Summer is my favourite season, I
love the colours and the warm weather and sweet smells. I also love summer
activities, swimming, biking, running, bbqing etc. Summer makes me happy, but for about the last
10 years of my life, summer has also brought a lot of mental pain. The first time I remember trying to lose
weight it was at the end of the school year in Grade 11 when I had just turned
17. That was my anorexic summer. The next summer was the summer I remember
arguing a lot with my family, admitting to my mom that I had an eating problem, and certainly
not being ready to move away to University. Every summer after that for about 4
years this season meant diet pills and exercise so I could wear all my favourite
clothes and bikini’s. One summer it got to be too much for me, the mental
effects of my lack of food brought me to a place where weight and food were all
I thought about, that was the summer I decided I needed out of this mental hell, and started on the recovery path.
Every summer since then it seems to be the same for me,
feelings of anxiety. Wishing it would be easy to turn to my old habits so I
could feel good in summer clothes. Feeling sadness that I feel so uncomfortable
in my own skin that I have to x out many options of attire I might wear
including bikinis and anything strapless or form fitting. Every summer the
acceptable length of shorts gets longer for me to the point where this year I
hate wearing shorts, I don’t want to, I just want to buy dresses, but again my
body type is hard to fit dresses correctly without it being too small on top or
too big on the bottom.
I spend so much time lying around hating my body and the
fact that I don’t feel like I look nice in summer clothes right now. This has consumed
me for so many years. I was going to buy a summer pass for the pool in my
village but I am now realizing the terror I feel this summer of being in a
bathing suit (not even a bikini) in front of other people. It sucks. I know
there are so many others out there that feel the same as I do, and even worse.
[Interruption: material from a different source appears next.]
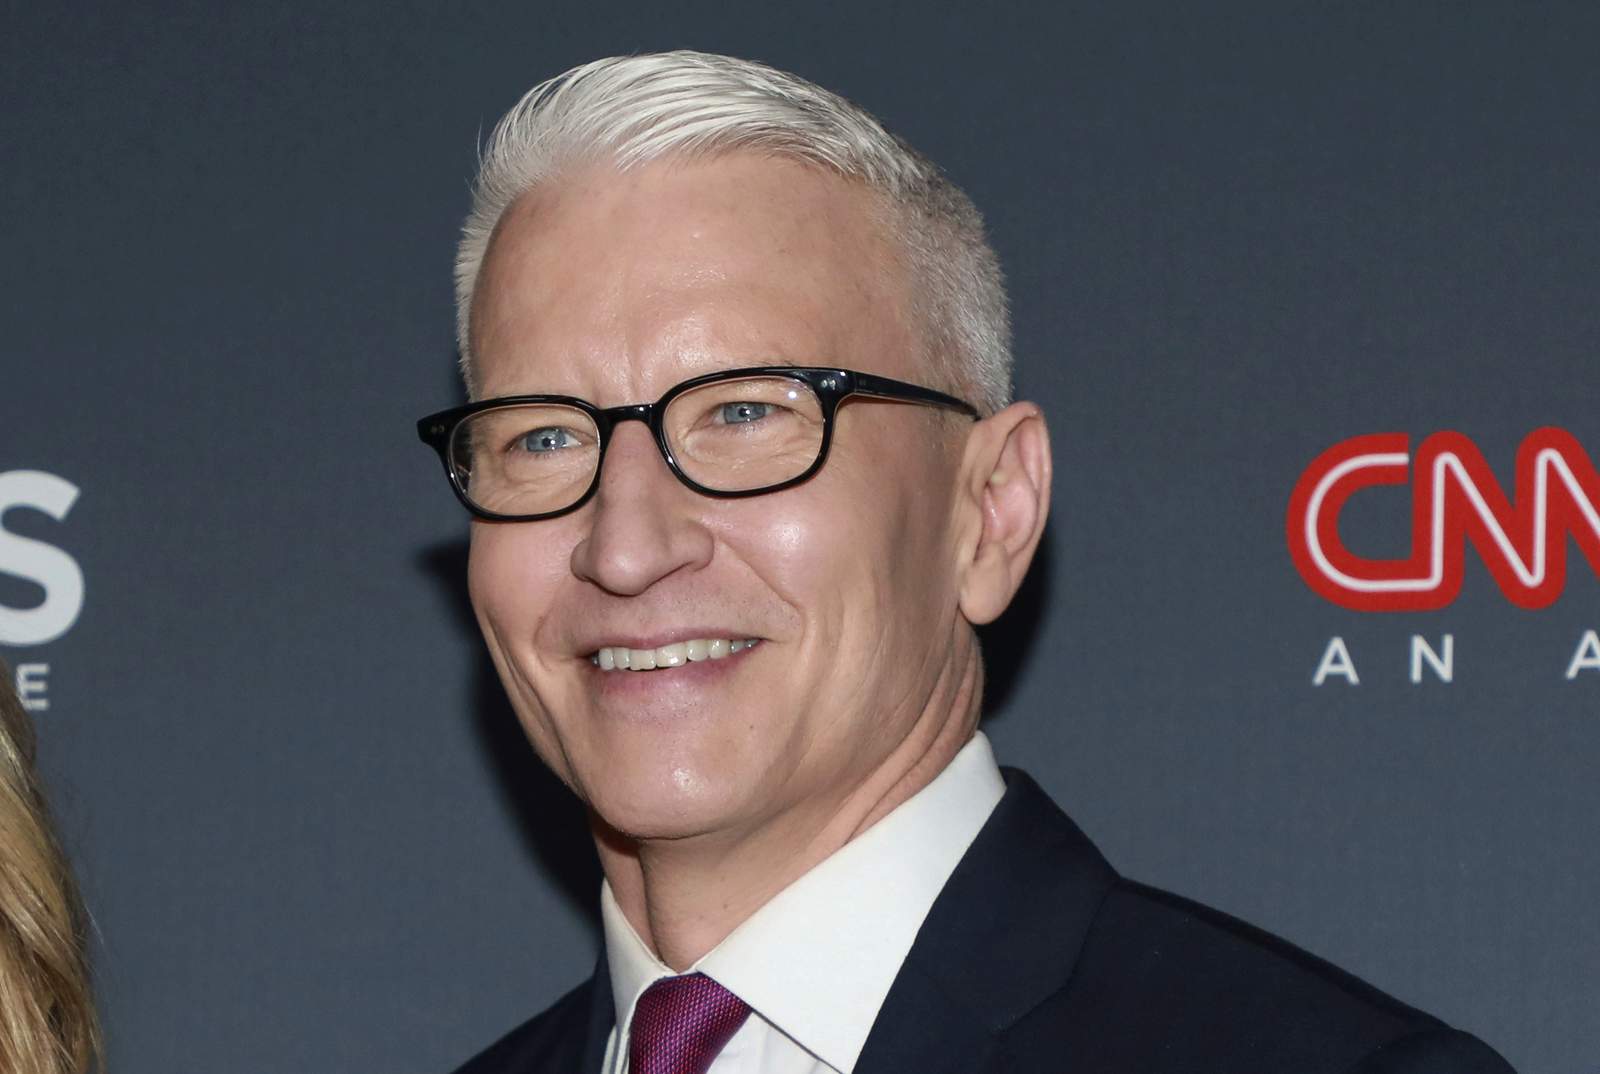 Anderson Cooper is a father; gives infant son a special name
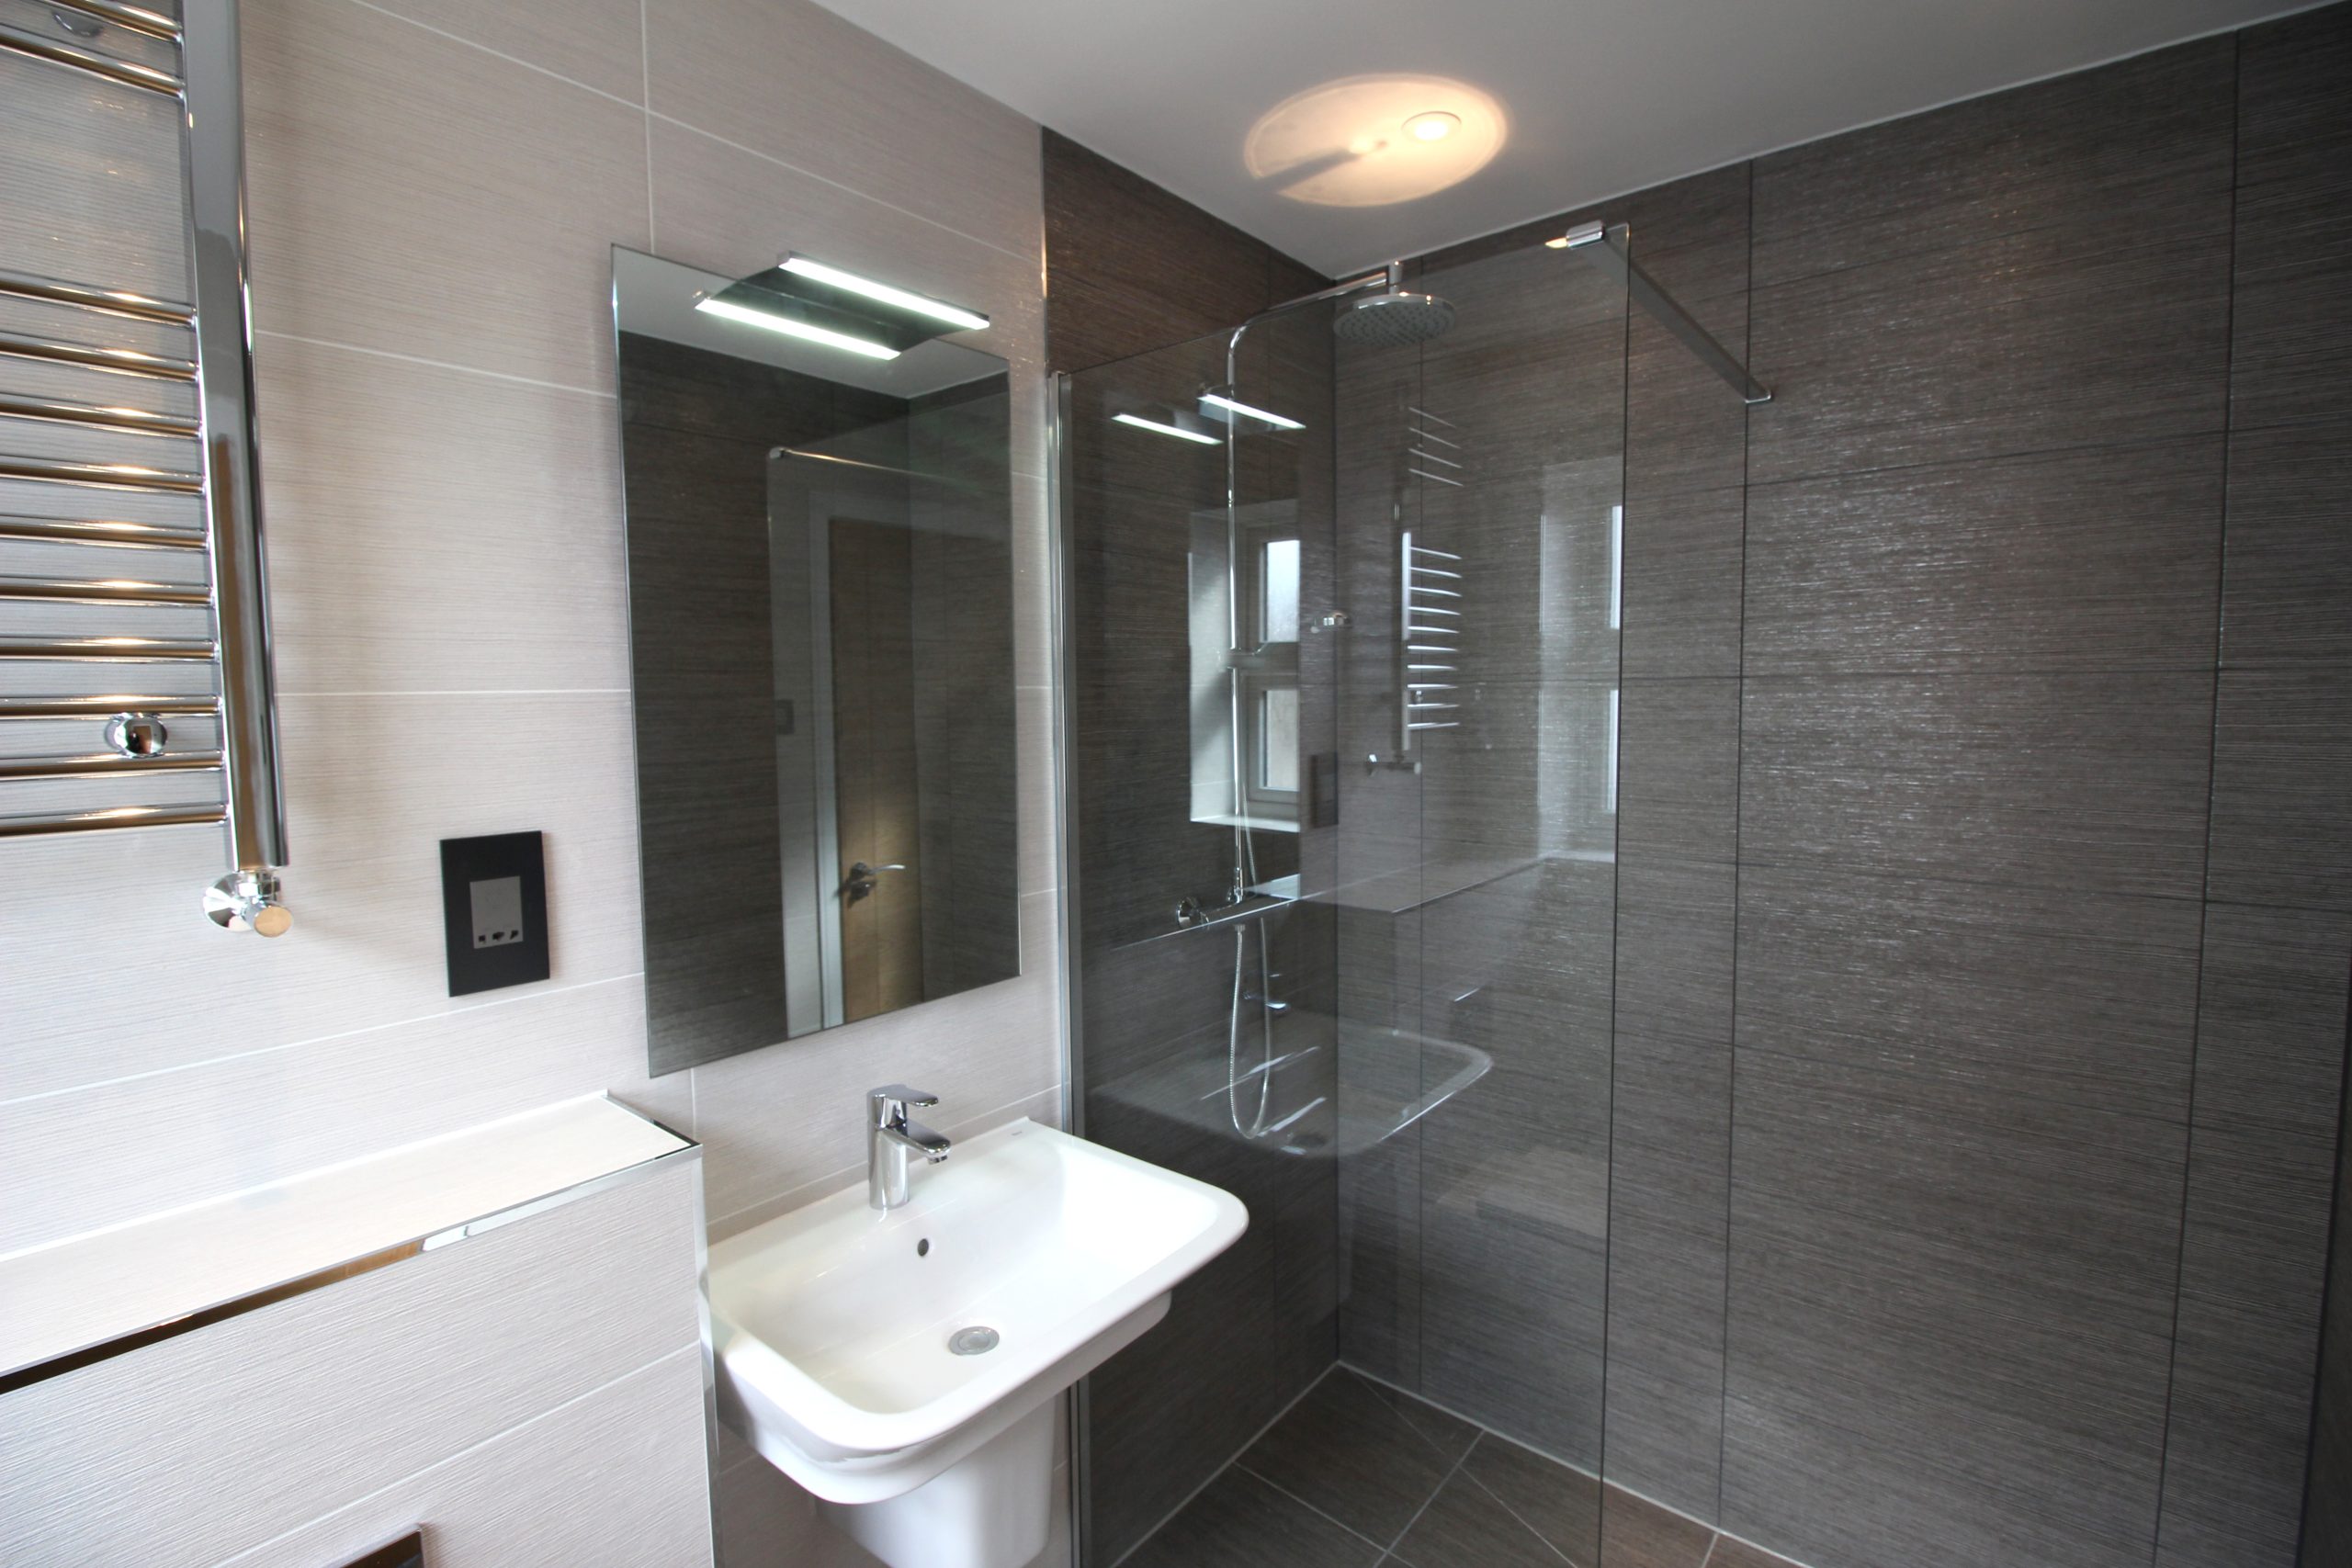 A Clarendon Bathroom image with sink and shower

I have come so far from that first summer, and I would never go back to my old
eating disordered habits, but I just wish I knew how to stay positive! I know it
helps to focus on what you like about yourself, but lately my problem is I am
starting not to like those parts anymore since my recent weight gain due to
physical illness and the halting of physical activity for a few months.
I want so bad to inspire others that have disordered eating
that there is a better way, but it is still so hard for me most days to like my
body and that was always the question “is it better to be skinny and miserable
or normal size (feeling constantly fat) and miserable?”
The answer is definitely normal size, because at least I can
focus on other things in life besides my body image, and that is worth the
most, being able to live life!
The goal: not to care so much about how I feel in summer clothes, and just enjoy the summer!
The goal: not to care so much about how I feel in summer clothes, and just enjoy the summer!